### [What is needed]
From the line containing "or GMC owners/lessees.3" down to the final line of the entries below, quote every line verbatim. Exclude pictures.

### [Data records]
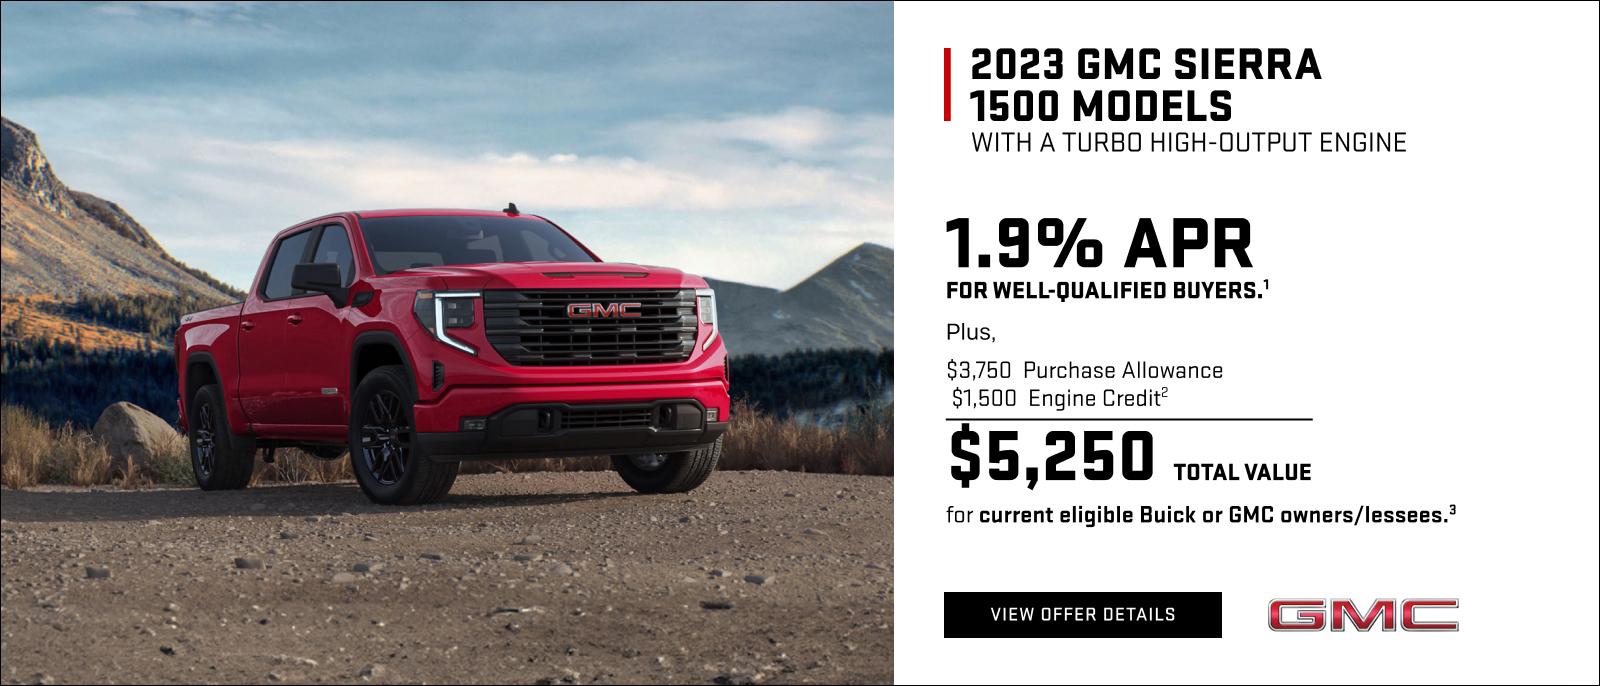 1.9% APR for well-qualified buyers.1

Plus

$3,750 Purchase Allowance
$1,500 Engine Credit2
$5,250 Total Value for current eligible Buick or GMC owners/lessees.3
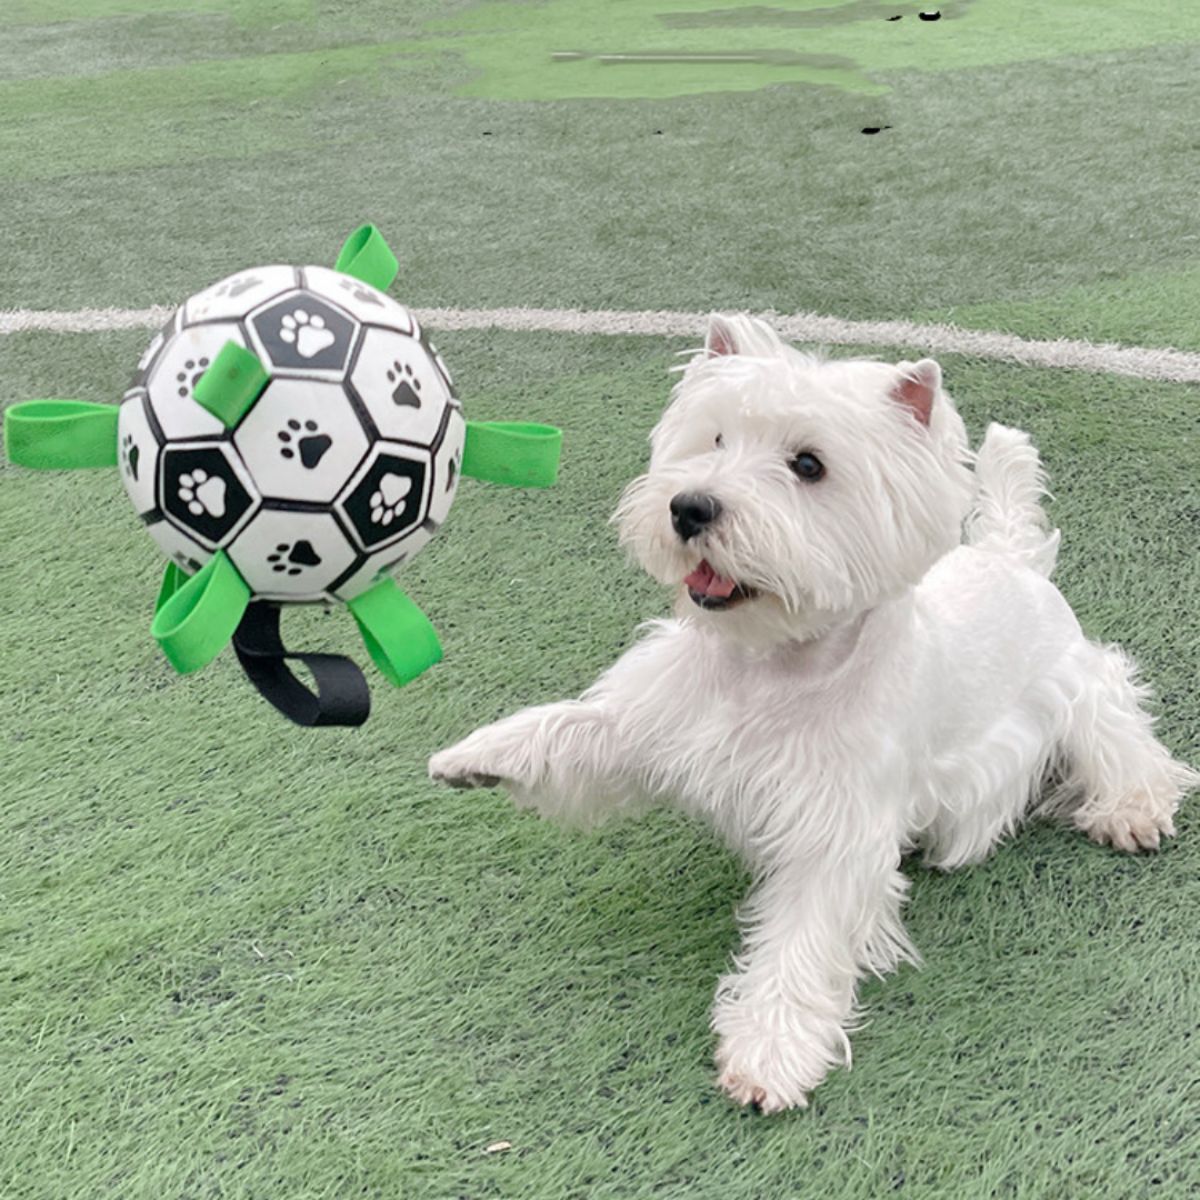 West highland white terrier playing with interactive dog toy Doggo Ball
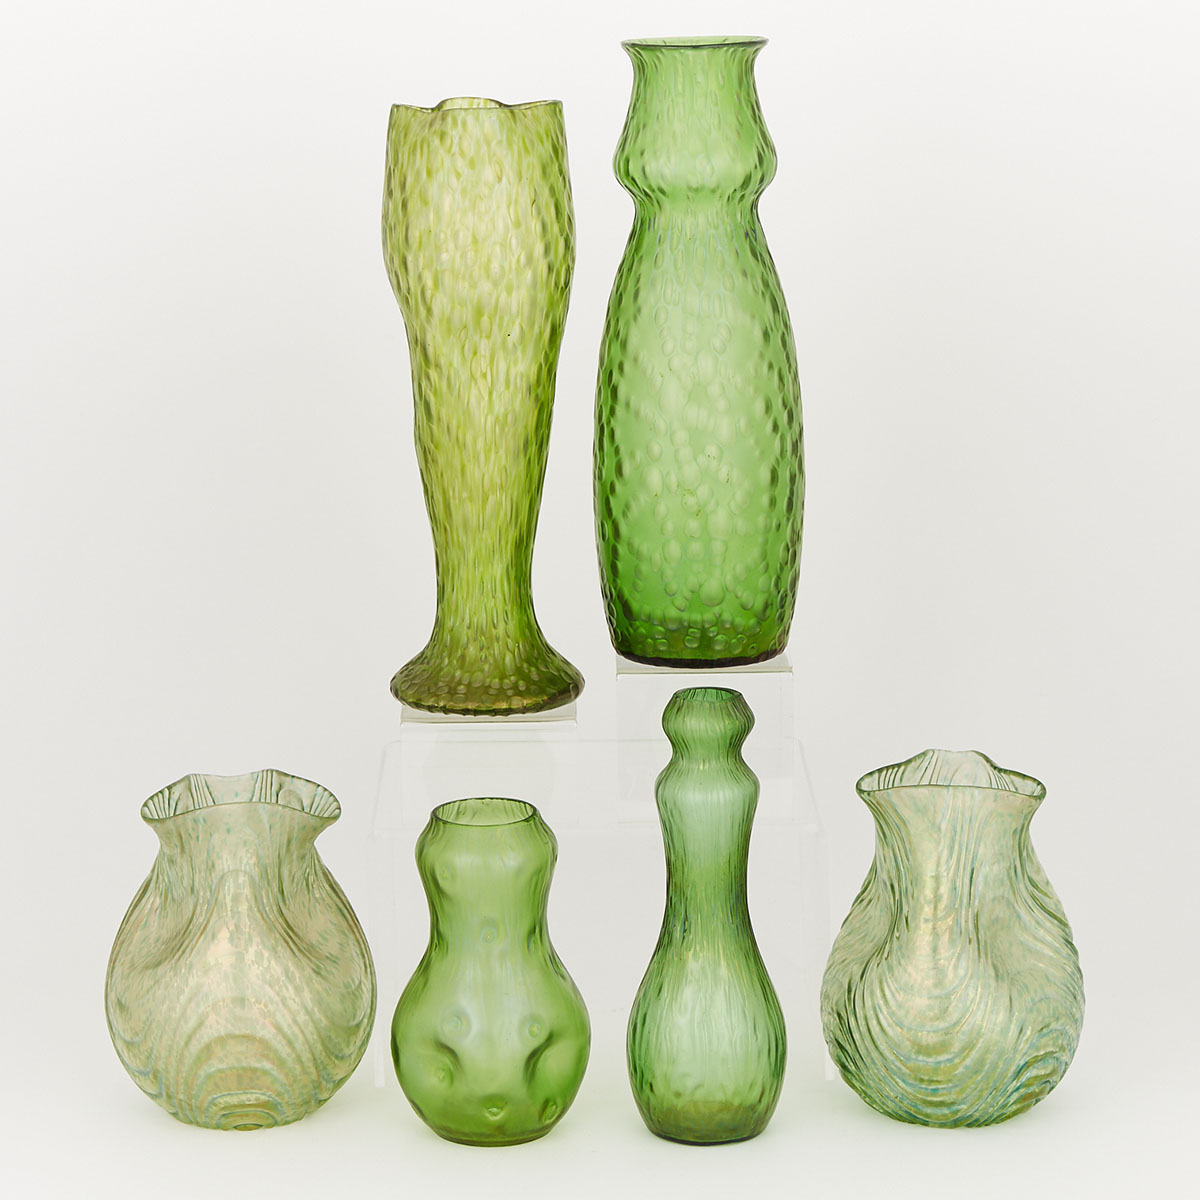 Six Bohemian Iridescent Green Glass Vases, early 20th century

### [Solution below]
$5,250 Total Value for current eligible Buick or GMC owners/lessees.3
 West highland white terrier playing with interactive dog toy Doggo Ball
 Six Bohemian Iridescent Green Glass Vases, early 20th century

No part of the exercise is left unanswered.